Drawing is all I have. I can't believe I'm being bullied at college by a team-leader on a power trip and the teacher will likely not intervene because he told us that part of the experience of a workplace was dealing with people you dislike but this goes beyond that. Our damn research team is doing just fine like the rest of teams, but while everyone else is having a good time and laughing, our boss has anger issues and just calls me son of a bitch and says my opinions don't matter because he perceives I'm not interested enough in our investigation despite the fact I did the majority of the work alongside my partner and we're the top 2 students from the whole university. But we're pretty much traumatized now and I had to sit there trying to draw while ignoring the insults.
One day I might just snap and have fun with a pencil inside his eye.
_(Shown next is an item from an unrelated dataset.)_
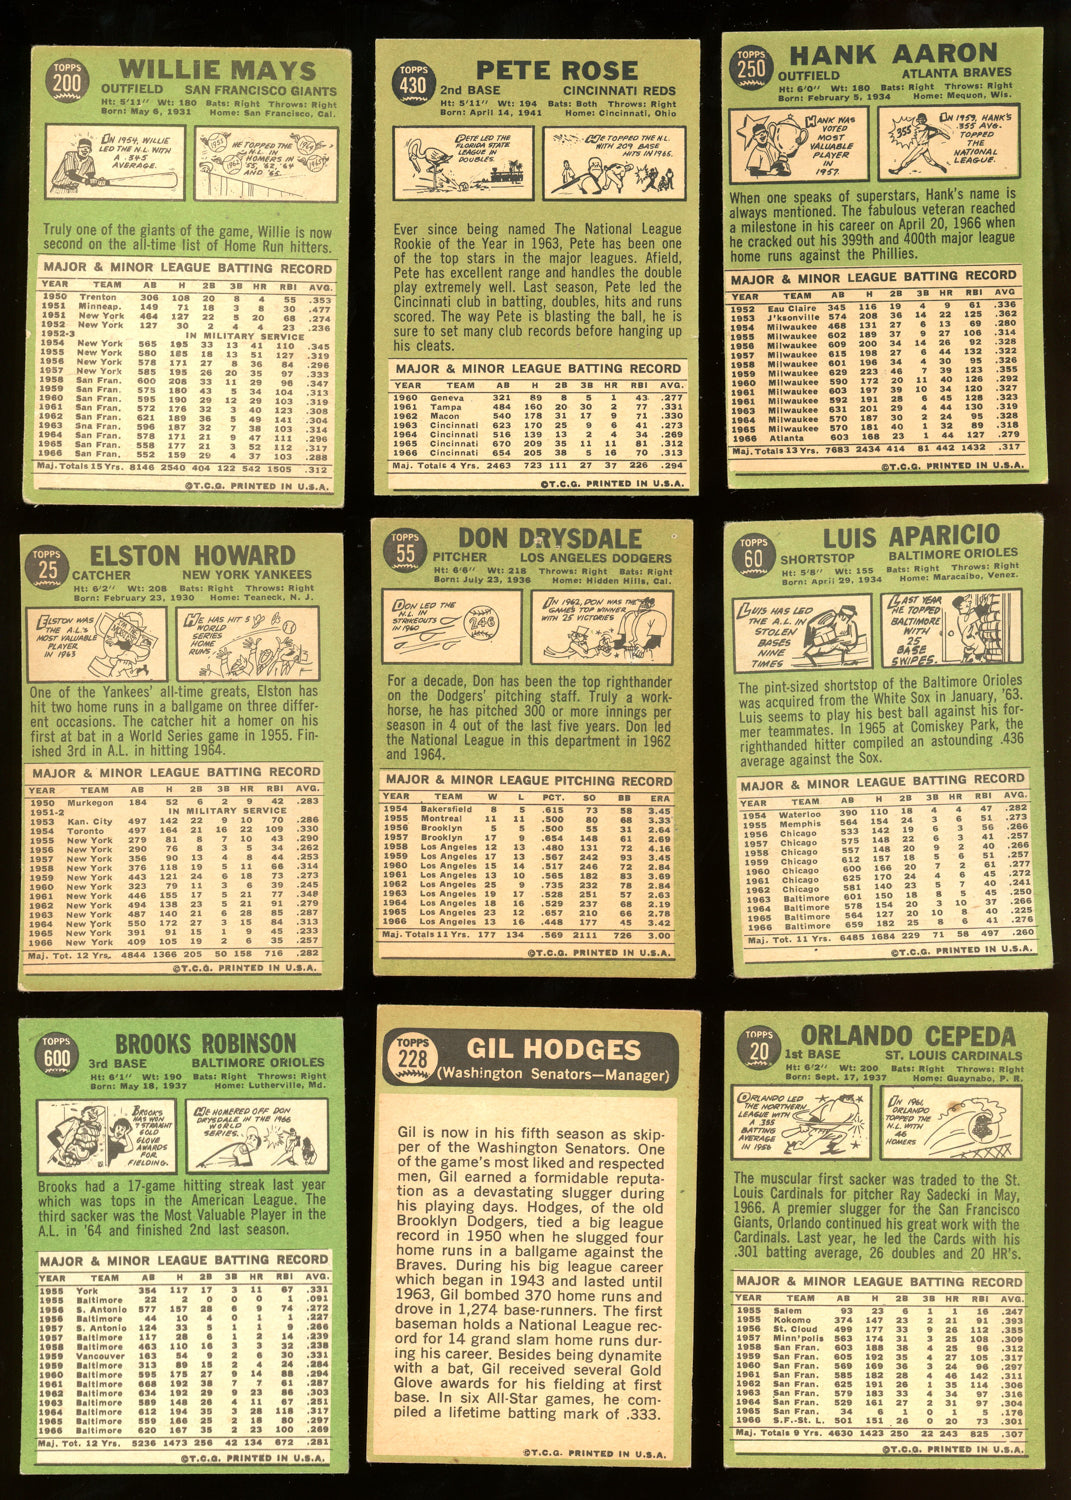 1967 TOPPS BASEBALL COMPLETE SET BREAK - 9 CARDS PER BOX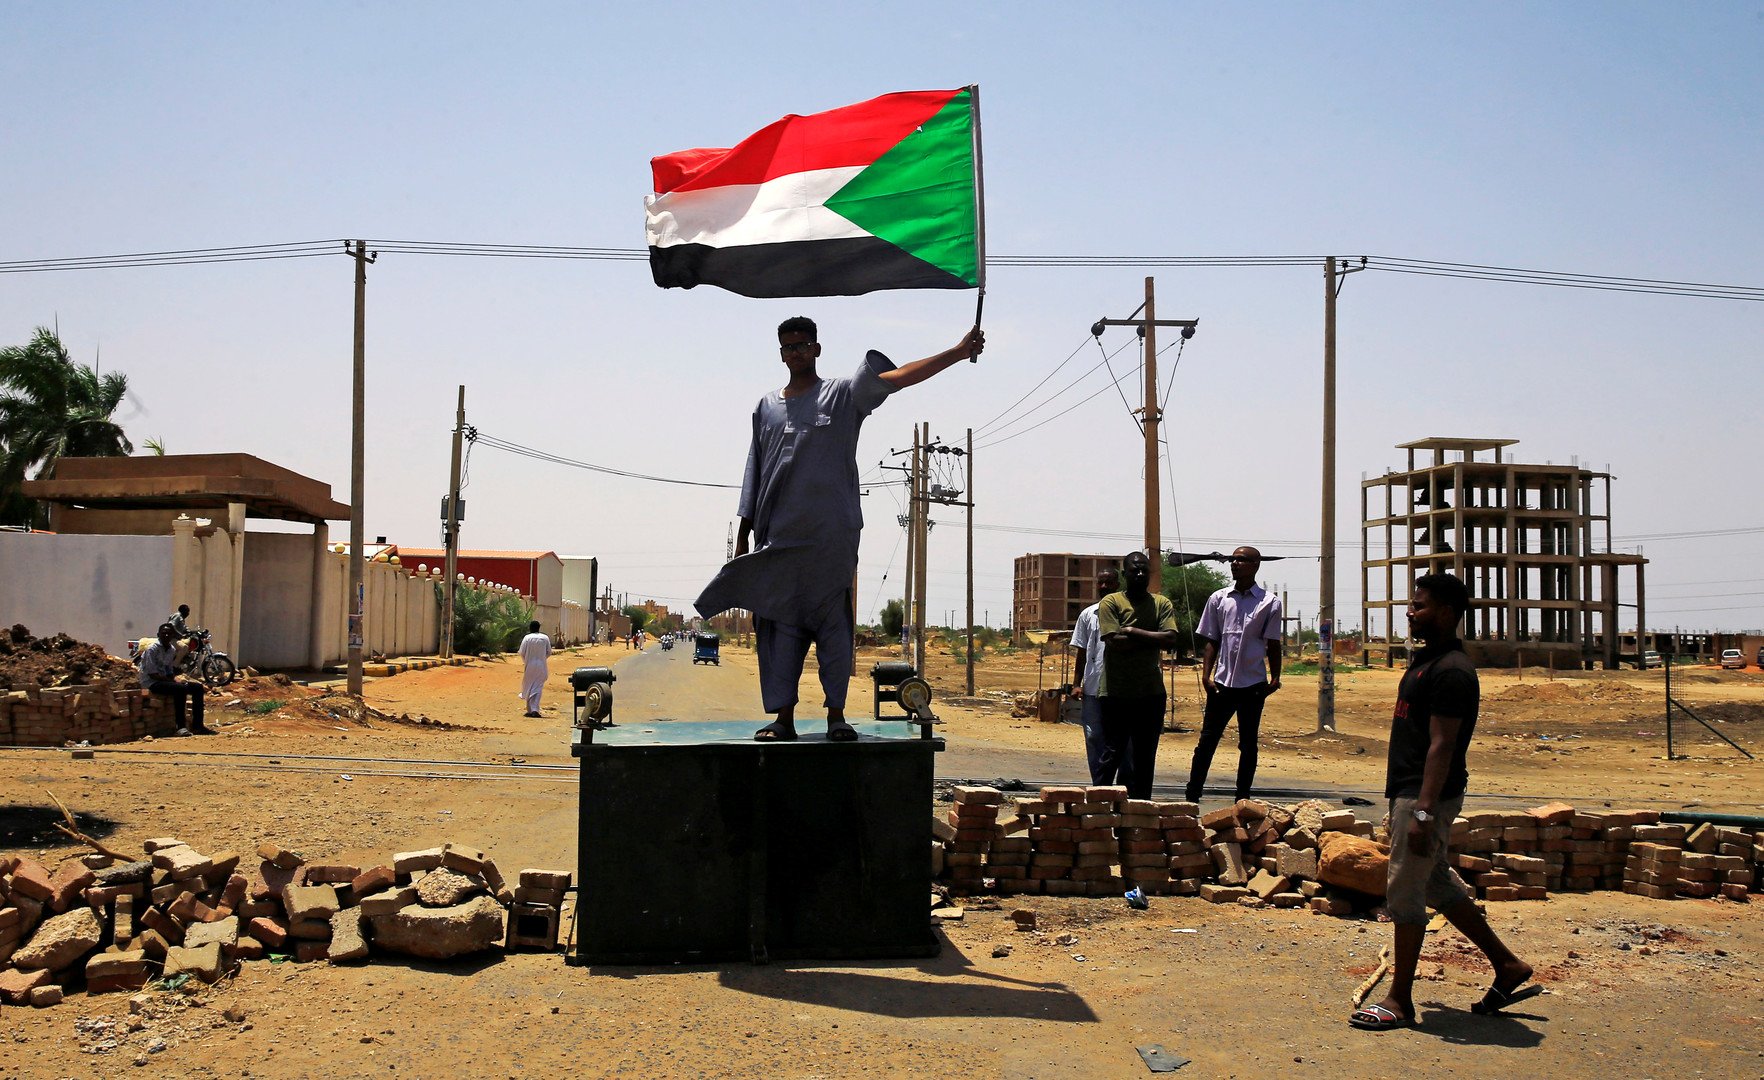 لجنة أطباء السودان: ارتفاع عدد ضحايا فض الاعتصام أمام مقر قيادة الجيش إلى 101 قتيل

Oh God I'll go complain to the teachers or psychologist, I can't believe I have to deal with this with 25 yrs old people.
I fucking stopped drawing as much as I did for the last month or two all to properly do my assignments and this guy who just bosses people around thinks he can drop F bombs on people who aren't his friends? My friend is a girl and she was pretty much crying tears of rage because of how that dude treated me so it was pretty bad.
But I can't say it's affecting my art. If anything I can dissociate and focus on drawing channeling my inner autist. So yeah life is pretty shit but drawing is keeping me on the line, I guess that's different from most venting here.